2-Methoxyestradiol disulfamate

Clinical data
- Other names: 2-Methoxyestradiol disulfamate; 2-Methoxyestradiol 3,17β-disulfamate; 2-Methoxyestradiol-3,17β-O,O-bis(sulfamate); 3,17β-bis-Sulfamoyloxy-2-methoxyestra-1,3,5(10)-triene

Identifiers
- IUPAC name [(8R,9S,13S,14S,17S)-2-methoxy-13-methyl-3-sulfamoyloxy-6,7,8,9,11,12,14,15,16,17-decahydrocyclopenta[a]phenanthren-17-yl] sulfamate;
- CAS Number: 401600-86-0;
- PubChem CID: 9804302;
- DrugBank: DB08416;
- ChemSpider: 7980062;
- UNII: S57SQE6LE5;
- ChEMBL: ChEMBL218382;
- CompTox Dashboard (EPA): DTXSID501336467 ;

Chemical and physical data
- Formula: C_{19}H_{28}N_{2}O_{7}S_{2}
- Molar mass: 460.56 g·mol^{−1}
- 3D model (JSmol): Interactive image;
- SMILES C[C@]12CC[C@H]3[C@H]([C@@H]1CC[C@@H]2OS(=O)(=O)N)CCC4=CC(=C(C=C34)OC)OS(=O)(=O)N;
- InChI InChI=1S/C19H28N2O7S2/c1-19-8-7-12-13(15(19)5-6-18(19)28-30(21,24)25)4-3-11-9-17(27-29(20,22)23)16(26-2)10-14(11)12/h9-10,12-13,15,18H,3-8H2,1-2H3,(H2,20,22,23)(H2,21,24,25)/t12-,13+,15-,18-,19-/m0/s1; Key:AQSNIXKAKUZPSI-SSTWWWIQSA-N;

= 2-Methoxyestradiol disulfamate =

Chemical compound

2-Methoxyestradiol disulfamate (developmental code STX-140; also known as 2-methoxyestradiol 3,17β-O,O-bis(sulfamate)) is a synthetic, oral active anti-cancer medication which was previously under development for potential clinical use. It has improved potency, low metabolism, and good pharmacokinetic properties relative to 2-methoxyestradiol (2-MeO-E2). It is also a potent inhibitor of steroid sulfatase, the enzyme that catalyzes the desulfation of steroids such as estrone sulfate and dehydroepiandrosterone sulfate (DHEA-S).
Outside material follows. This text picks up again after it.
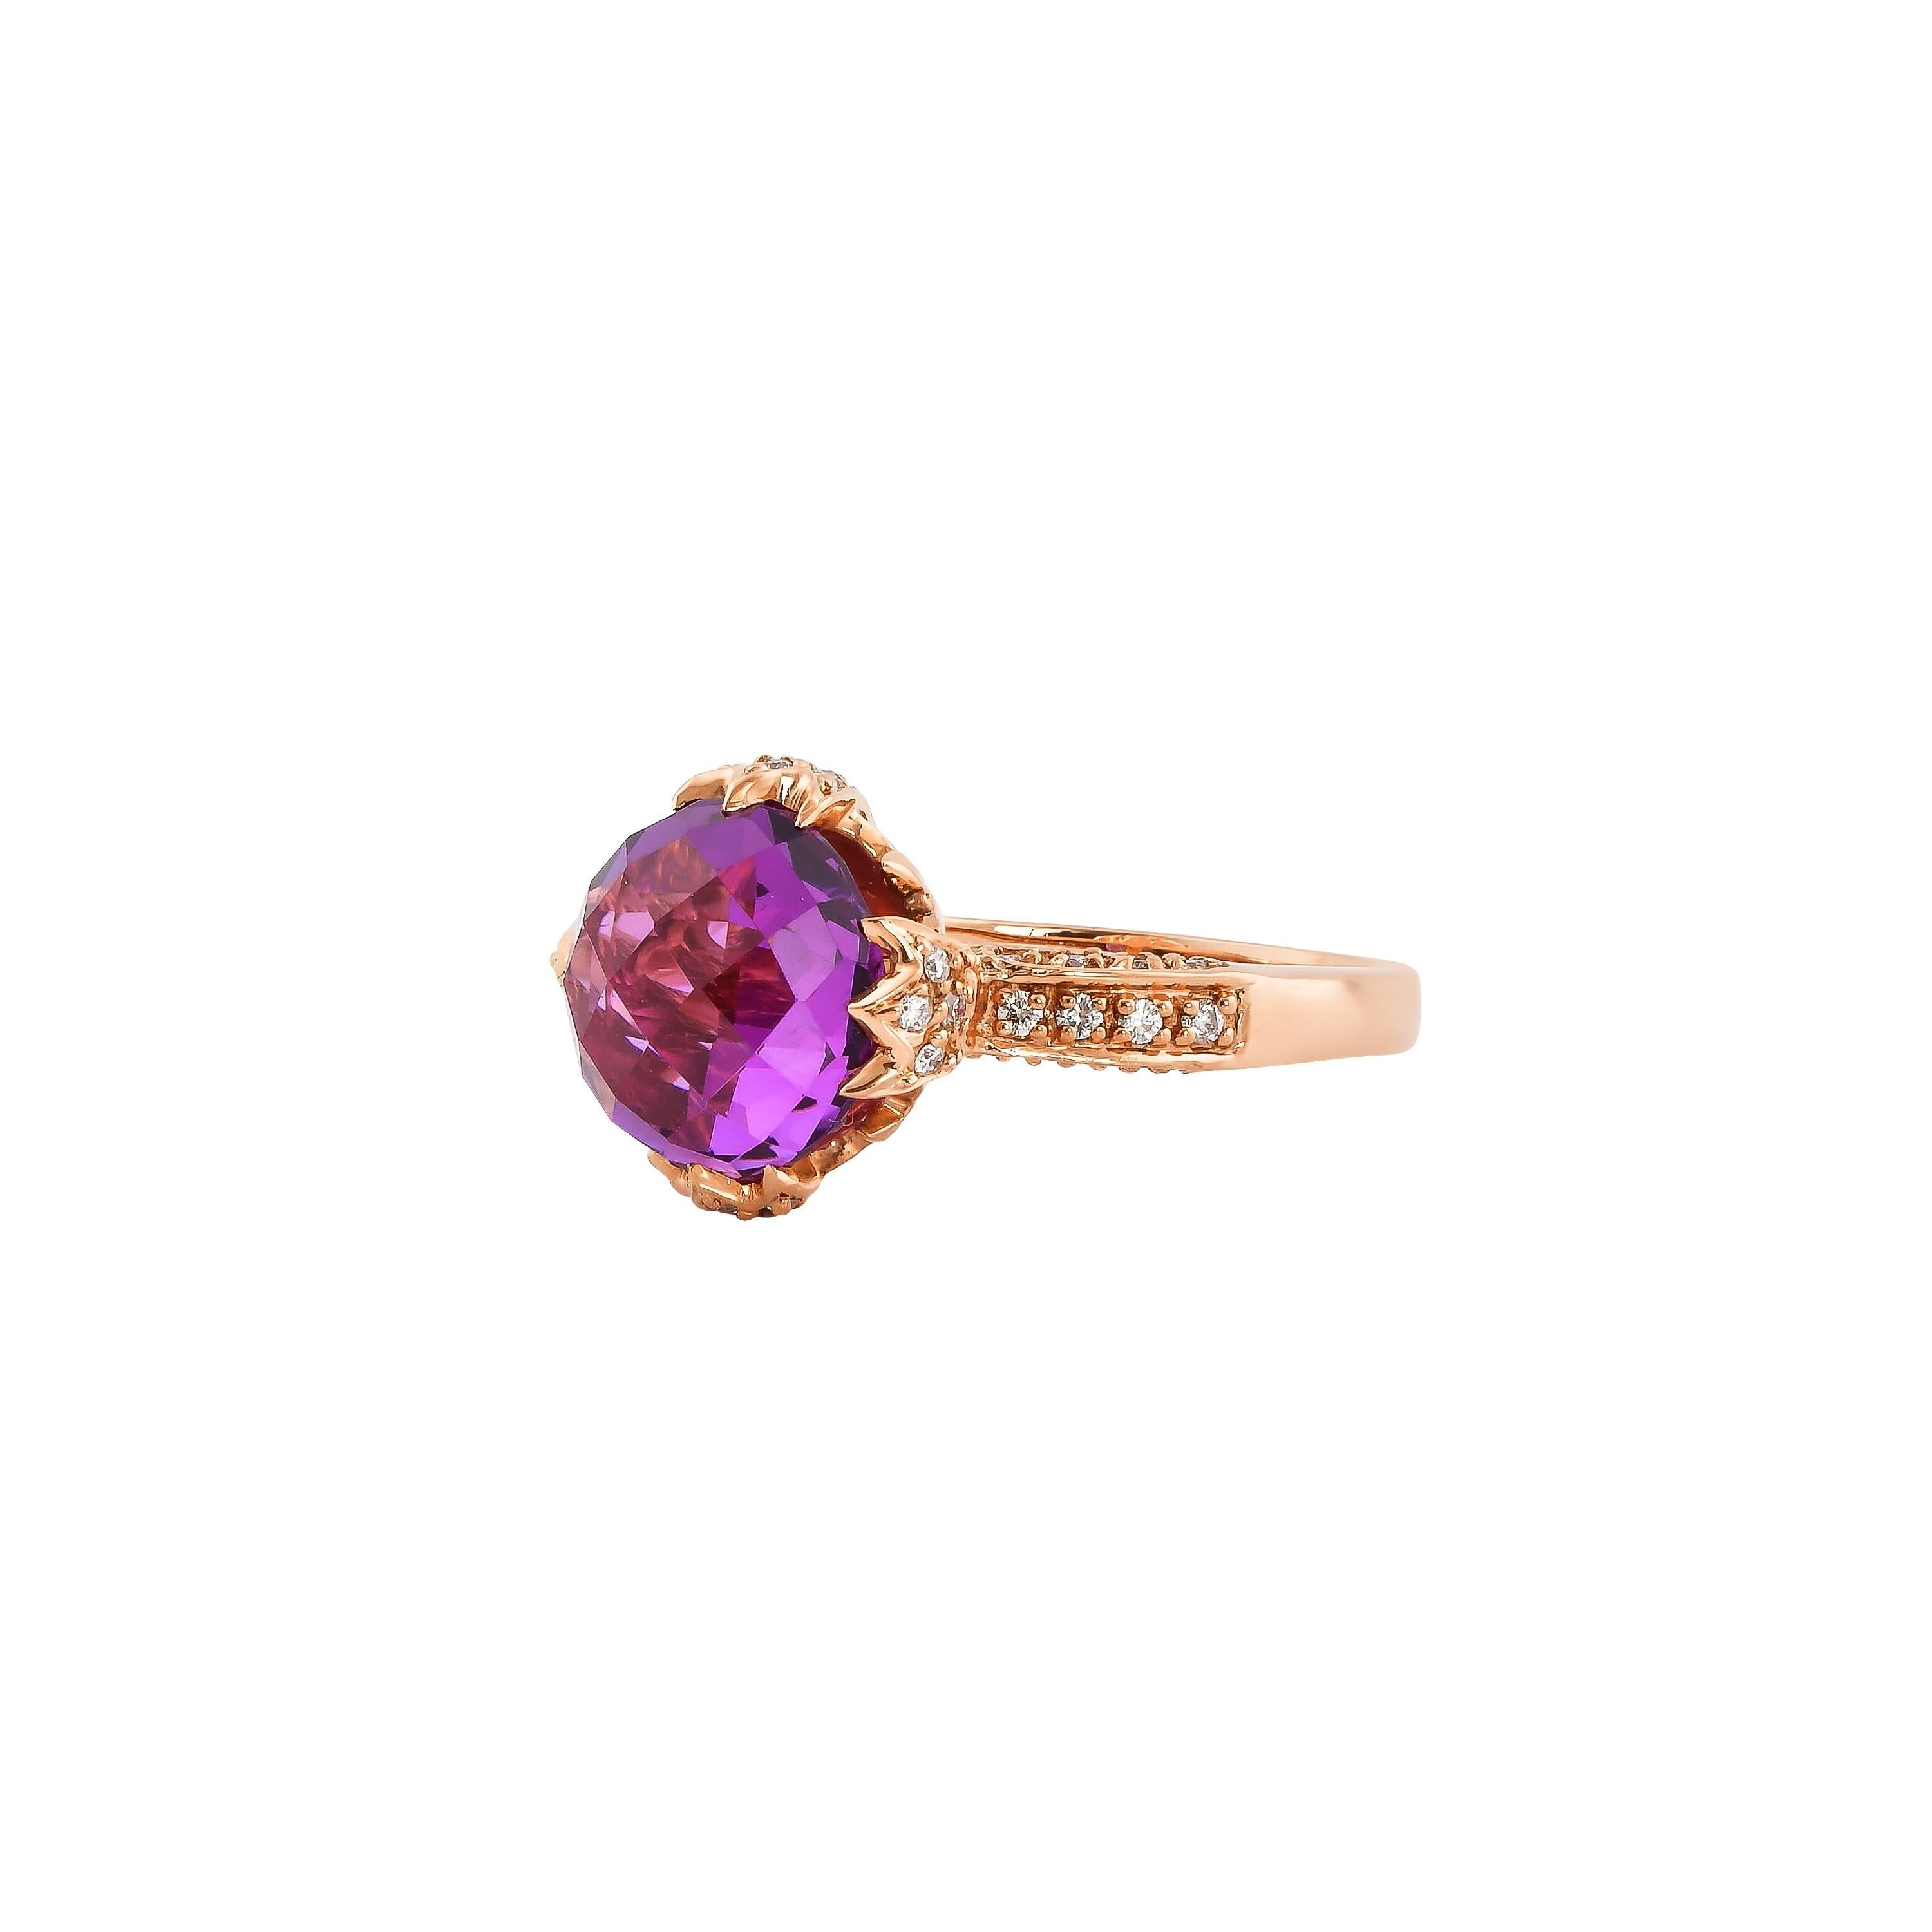 Contemporary 6.7 Carat Amethyst and Diamond Ring in 14 Karat Rose Gold For Sale

2-Methoxyestradiol disulfamate exhibits anti-angiogenic activity and induction of cell cycle arrest and apoptosis in human tumor xenografts, with clinical potential for hormone–independent tumors. Some of this activity stems from tubulin binding at the colchicine site and disruption of interphase microtubules. 2-Methoxyestradiol disulfamate is highly active in tumors that are resistant to chemotherapy.

In xenograft models of breast and prostate cancer complete cures were achieved after oral treatment with 2-methoxyestradiol disulfamate and drug-resistant tumors also shrank in size after oral treatment. Conventional treatments for hormone-independent cancers targeting tubulin are associated with side effects, such as neurotoxicity, and can only be given infrequently and intravenously. 2-Methoxyestradiol disulfamate is more effective on the same tumors, blocks metastatic spread without the peripheral neuropathy associated with current clinical anticancer drugs.